Transcribe the whole listing below without changing a word, but leave out every image.
(Collected material begins)
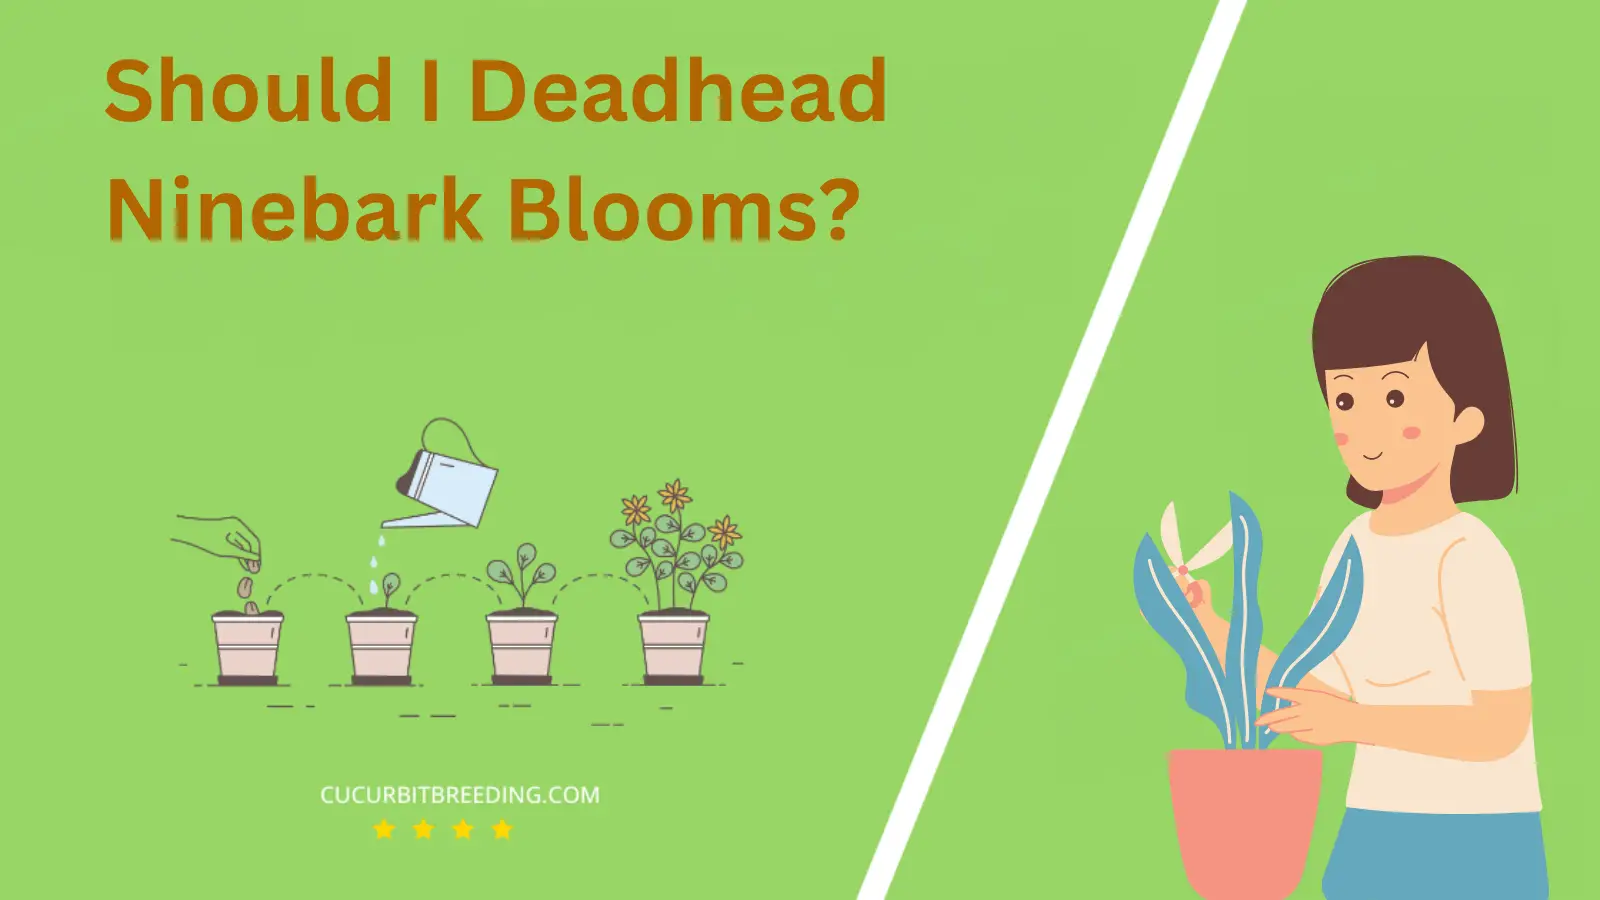 Should I Deadhead Ninebark Blooms?
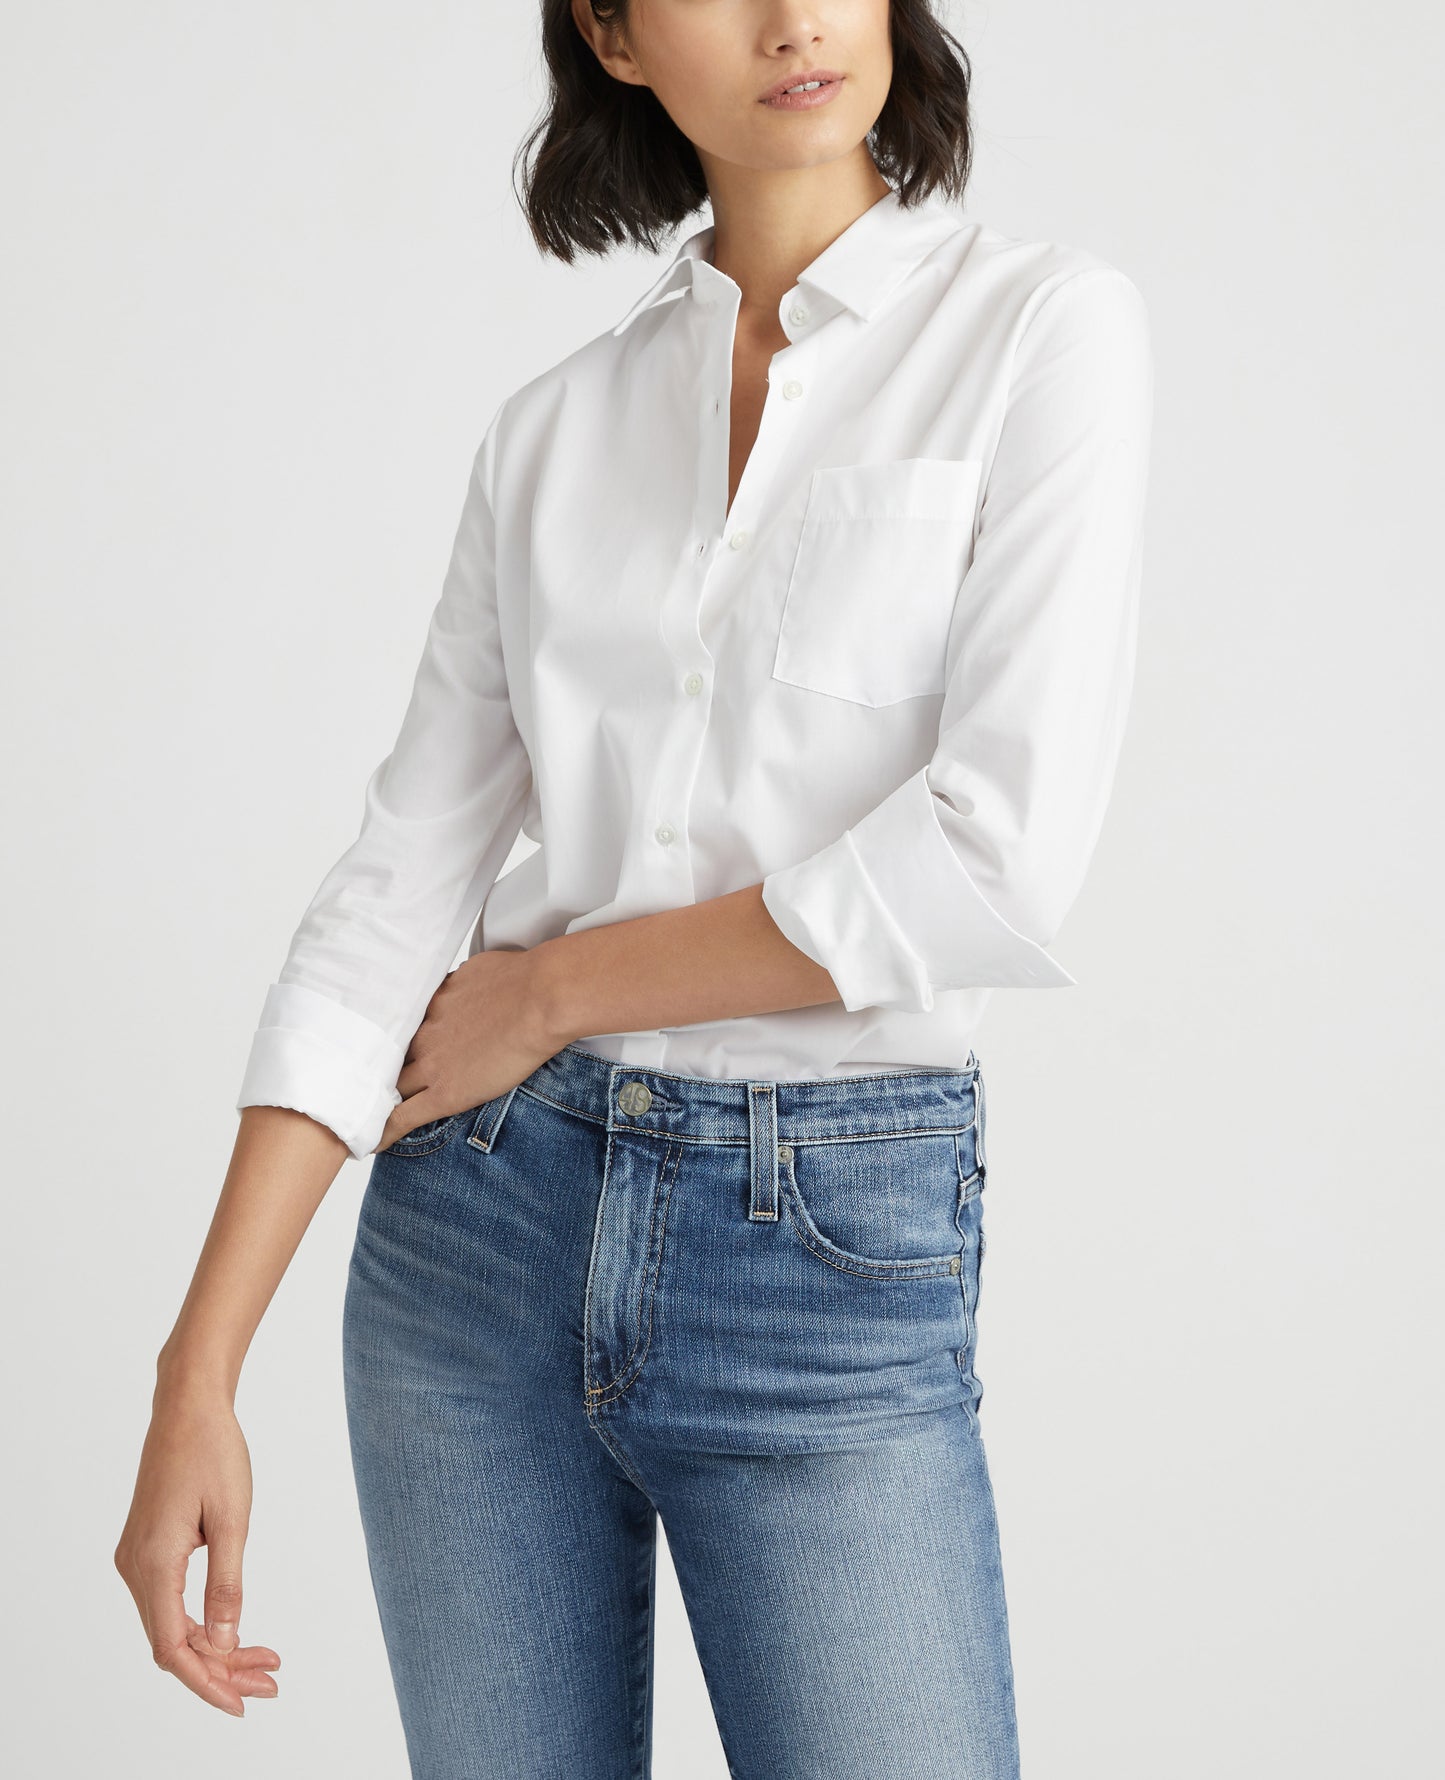 Cade Shirt True White Classic Button Up Shirt Women Tops Photo 1
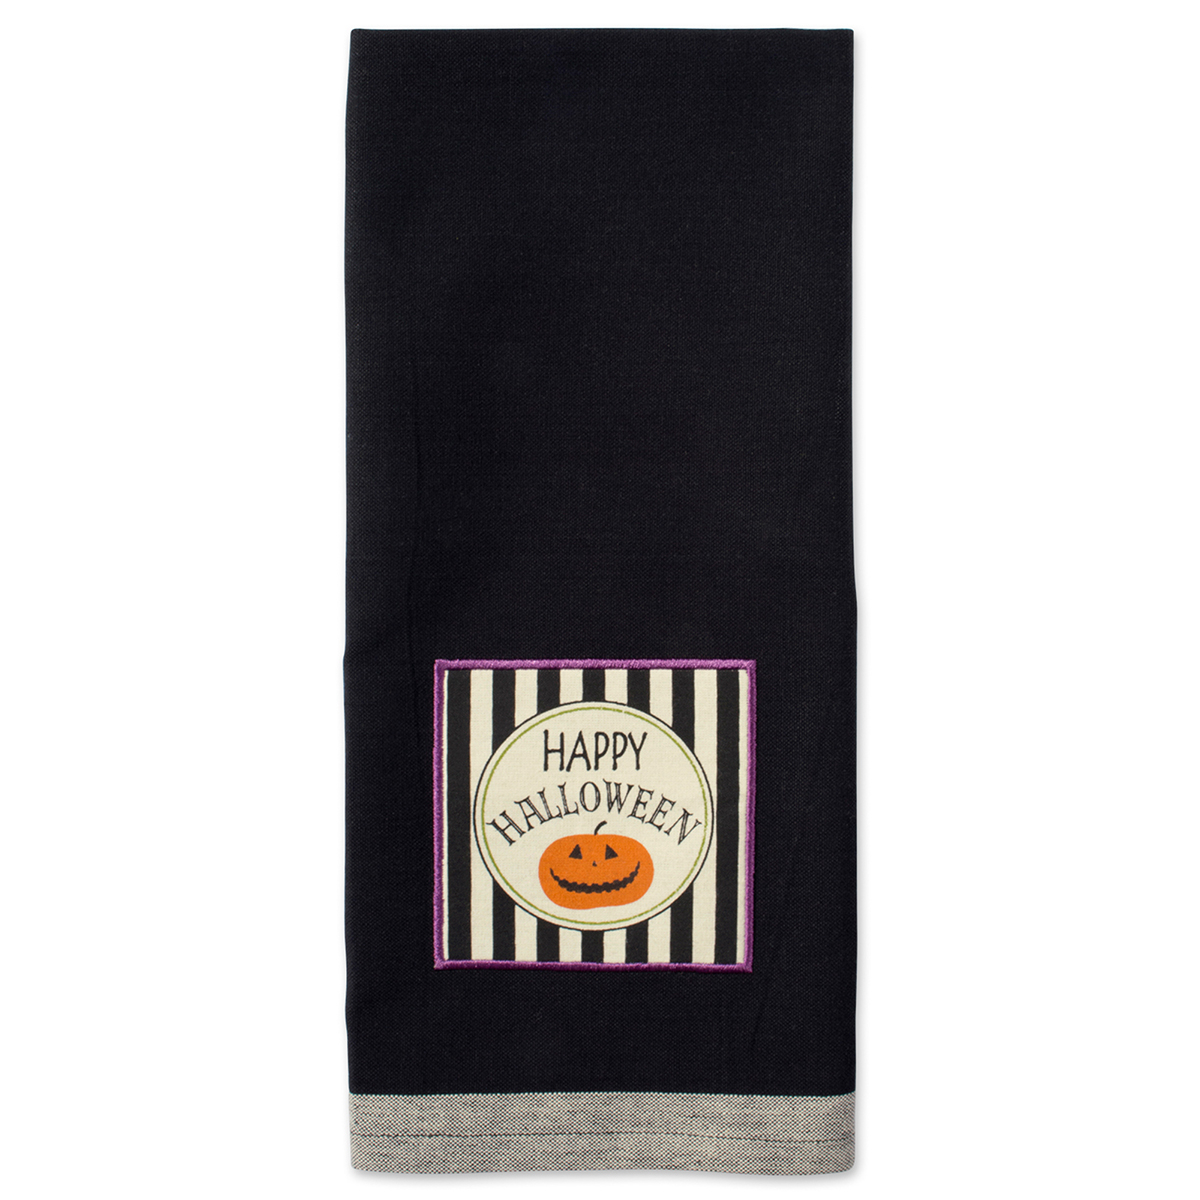 DII(R) Embellished All Hallows Eve Kitchen Towel Set Of 3
(Collected material ends)
▶ **Result of the exercise**
 Should I Deadhead Ninebark Blooms?
 Cade Shirt True White Classic Button Up Shirt Women Tops Photo 1
 DII(R) Embellished All Hallows Eve Kitchen Towel Set Of 3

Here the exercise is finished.